Sendikacılık Deneme Sınavı Sorusu #1071407

I. Ulusal çıkarların bütün sosyal sınıf­ların iş birliği ile sağlanabileceğine inanan ve İzmir İktisat Kongresi’nde İstanbul işçilerini temsil eden İstanbul Umum Amele Birliği kurulmuştur.

II. Devletin endüstri ilişkileri sistemindeki rolünün artması, tüm işçileri kapsayacak genel bir iş kanunu gereksinimini ortaya çıkarmıştır.

III. Modern anlamda bir işçi sınıfının oluşum sürecinde ilk adımlar atılmıştır. 

Yukarıda özellikleri verilen durumlar/olaylar sendikacılığın tarihsel gelişiminde hangi dönemlere aittir?


1946-1960 dönemi

1960-1980 dönemi

1923-1946 dönemi 

1980 sonrası dönem 

1902-1920 dönemi


Yanıt Açıklaması:

1923 yılında ulusal çıkarların bütün sosyal sınıf­ların iş birliği ile sağlanabileceğine inanan ve İzmir İktisat Kongresi’nde İstanbul işçilerini temsil eden İstanbul Umum Amele Birliği kurulmuştur İstanbul Umum Amele Birliği, İzmir İktisat kongresi sonrası Türkiye Umum Amele Birliği’ne dönüşmüş, böylelikle cumhuriyetin ilanından iki gün önce ulusal düzeyde ilk üst örgüt oluşturulmuştur.

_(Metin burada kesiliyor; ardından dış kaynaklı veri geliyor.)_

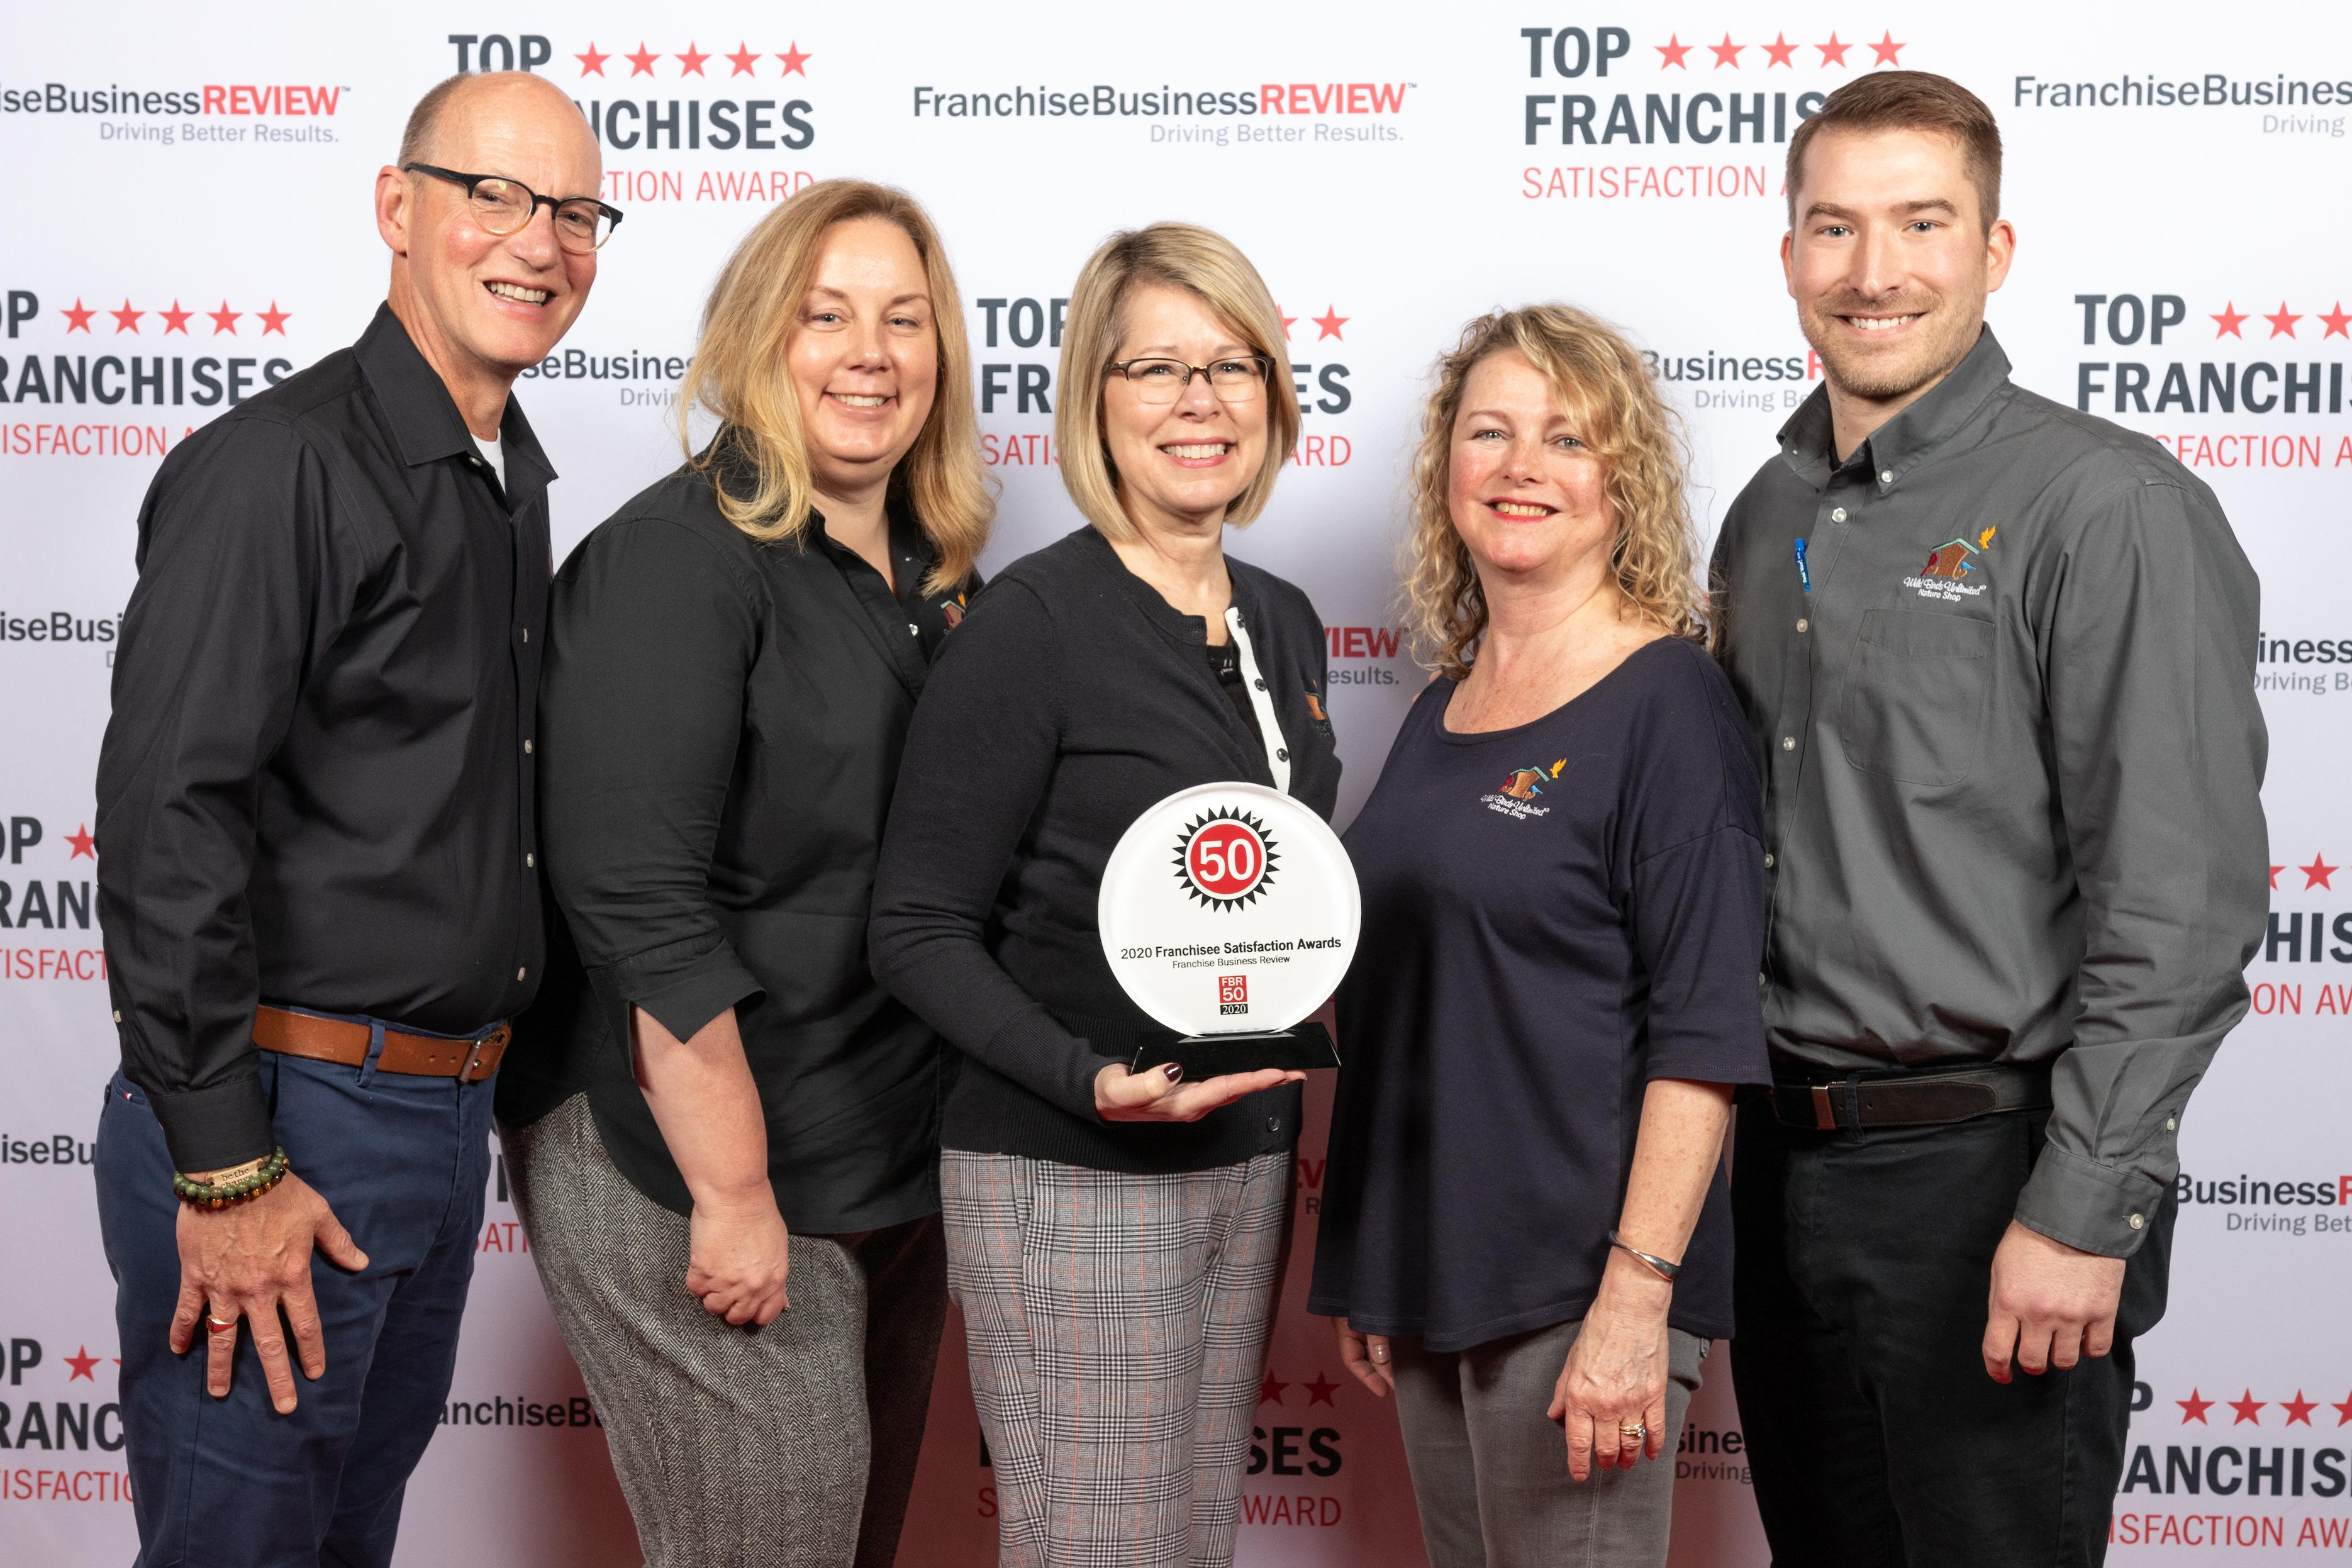 Wild Birds Unlimited team receiving 2020 Top Franchises Award

Devlet bu dönemde hem ekonomik hayatı düzenleyen bir güç olarak hem de işveren olarak önem kazanmıştır. Bir başka ifadeyle, devletin yalnızca kamu müdahalesinin bir aracı değil, aynı zamanda en büyük işverenlerden biri hâline gelmesi ile birlikte, endüstri ilişkileri sisteminin üç aktöründen ikisini devlet oluşturmuştur. Devletin endüstri ilişkileri sistemindeki rolünün artması, tüm işçileri kapsayacak genel bir iş kanunu gereksinimini ortaya çıkarmıştır.
1924 yılından itibaren hazırlanan çeşitli kanun tasarıları sonucunda 1936 yılında ilk
iş kanunu olan 3008 sayılı İş Kanunu kabul edilmiş ve 1937 yılında yürürlüğe girmiş;
1945 yılında Çalışma Bakanlığı ve İşçi Sigortaları Kurumu ile 1946 yılında İş ve İşçi
Bulma Kurumu’nun kurulmasıyla da gerçek anlamda işlerlik kazanmıştır. 30 yıl yürürlükte kalan 3008 sayılı Kanun, o tarihe kadar ülkemizde ilk kez
sistematik olarak ele alınan ve zamanın koşullarına göre bazı ileri standartlar getiren bir iş kanunudur. Ancak kanun, fikir işçilerini, başta tarım olmak üzere bazı faaliyet alanlarını ve 10 işçiden daha az işçi çalıştıran işyerlerini kapsamı dışında tutarak sınırlı bir işçi grubu için düzenlemeler getirmiştir. Kanun, bireysel iş ilişkilerinin yanı sıra toplu iş ilişkilerine ilişkin bazı düzenlemeler de getirerek emek ve sermaye arasındaki mücadele imkânlarını ortadan kaldırmıştır. Kanun, sendikalardan hiç bahsetmezken; grev ve lokavtı açıkça yasaklayarak, bu yasağa uymayanlara cezai ve hukuki müeyyideler getirmiştir.